そんなこと、誰かに言われなくとも分かっている。
ただ、そのことが俺の矜持の高さが許さなかったんだ。
俺は、ラナンに助けられている。
俺は、こころからラナンを恨んでいる訳ではないんだ……本当は。
ひとり、俺だけをラバースに残して出て行ったラナン。
そして、レジスタンス「アース」なんてものを作った、ラナンを……恨んだだけ。
そう。
俺はただ、兄弟喧嘩をしているだけなんだ。
そんなダサいこと、周りのラバース兵に見つかっては恥ずかしい。
だから俺は、全力でラナンを倒そうとしてきた。
けれども、力の差は歴然。
殺そうと思えば殺せたのは、いつだって、ラナンの方だった。
今回は、俺の属するラバース最高位Sクラスの副隊長、ゼルヴィスが任を任された。
ラナンは、どうなるのであろうか……。
心臓が、バクバク鳴っている。
昔からこうなのです。ラナは、レナが少しでも悪く言われると、目の色が変わり、少々乱暴になるのでした。一卵性の双子。ラナにとってレナは、もうひとりの自分のような、大切な存在なのです。レナにとってのラナの存在は、残念ながらそうとは言えないようなのですが……実際のところは、当人にしか分からないこと。ただ、先の戦いでは間違いなく、レナは本気でラナを殺そうとしているように見えました。

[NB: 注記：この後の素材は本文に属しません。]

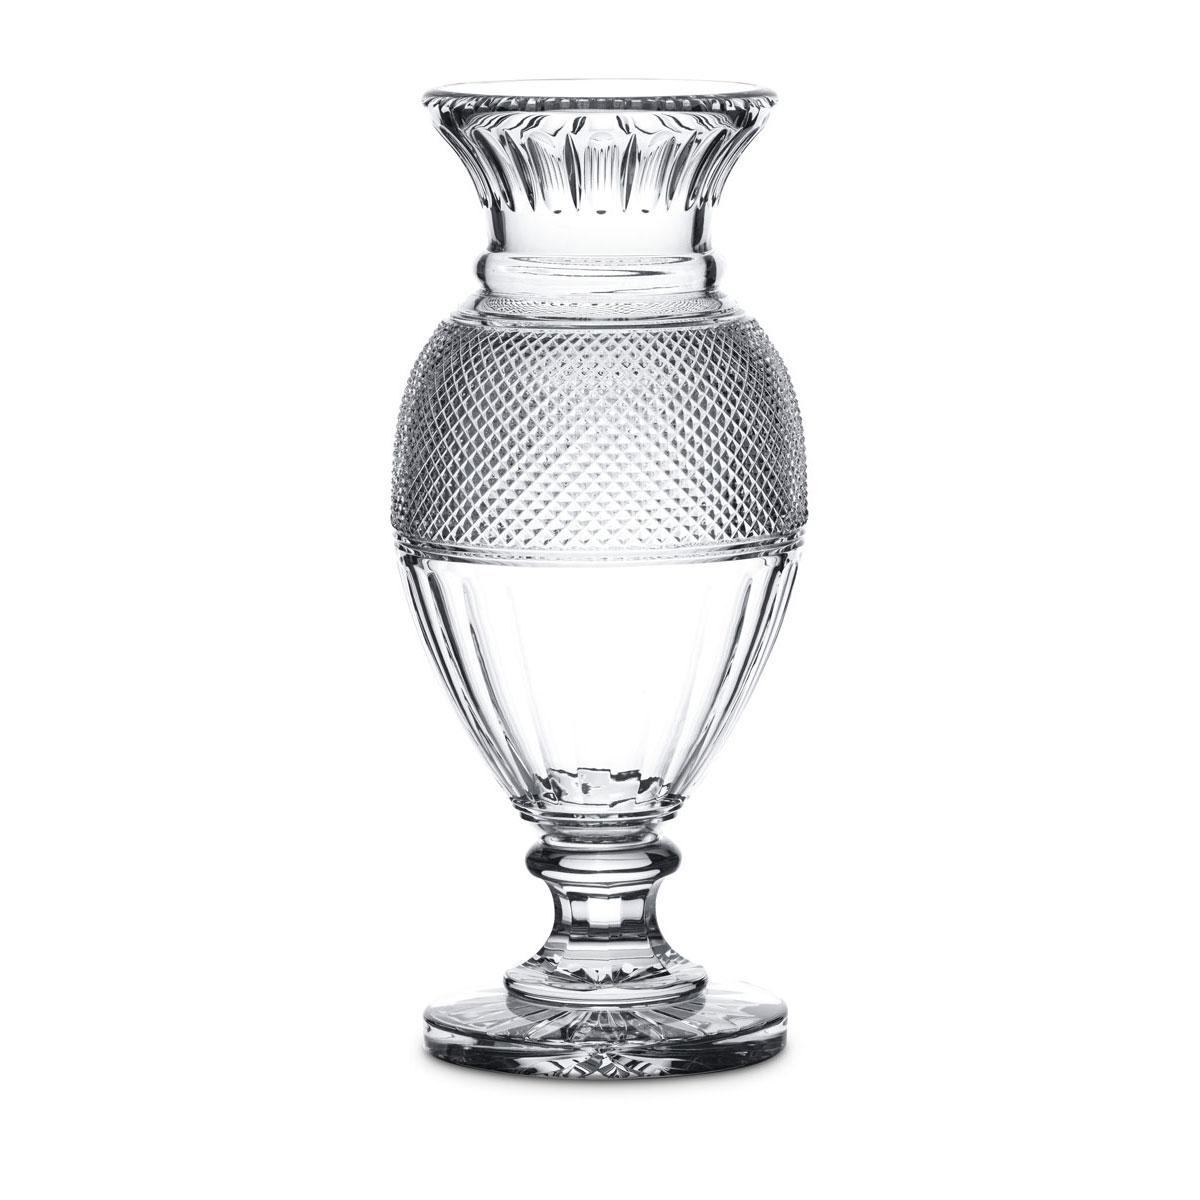 "Baccarat Crystal, Diamant Balluster 19 5/8"" Crystal Vase"

「へぇ、さっきもそうやったが、お前みたいな能天気でも、ちゃんと怒った顔も出来るんやなぁ」
ゼルはラナを見下すように言いました。それに腹を立てたのは、やはり僕とアトでした。
「ラナを悪く言うな!」
アトは両手を前に突き出し、黒魔術の呪文を唱えようとしました。それを制したのは先ほどから部屋の中で事の次第を見ていましたヤイでした。ヤイはアクアリームでの出来事を知っています。直接見ては居なかったようなのですが、僕やアトから話を聞いて、知っているのです。ラナはアトが黒魔術士であることを隠し通すために、たったひとりで何十人もの兵士を相手にしていたという事実を……。
「アト、ラナに任せるんだよ」
そう言って、アトの肩に手を置きました。するとラナとゼルは、お互いの間合いを詰めはじめました。
「……行くで!」
先に仕掛けたのは、ゼルでした。ゼルの剣技は基本通りに従った無駄のないものであり、かなりの腕と洞察力がなければ交わすことは困難でした……が、ラナはやはり、いとも簡単にゼルの剣を振り払ってしまうのです。
「今度は俺の番だ!」
ラナの剣技には言うなれば型というものがありません。剣を向ける相手によって、基本通りの型で応戦したり、基本をまったく無視した動きをしたりと、変えてくるのです。ラナは柄を長く持ち、ゼルに向かって剣で襲い掛かっていました。その切っ先は、ゼルの急所を突く訳でもなく、端から見ると、ただ無茶苦茶に剣を振り回しているかのように思われました。相手になっているゼルからしたら、それはもう、なめられているとでも思ったのでしょう。呆れた表情でラナに一気に詰め寄りました。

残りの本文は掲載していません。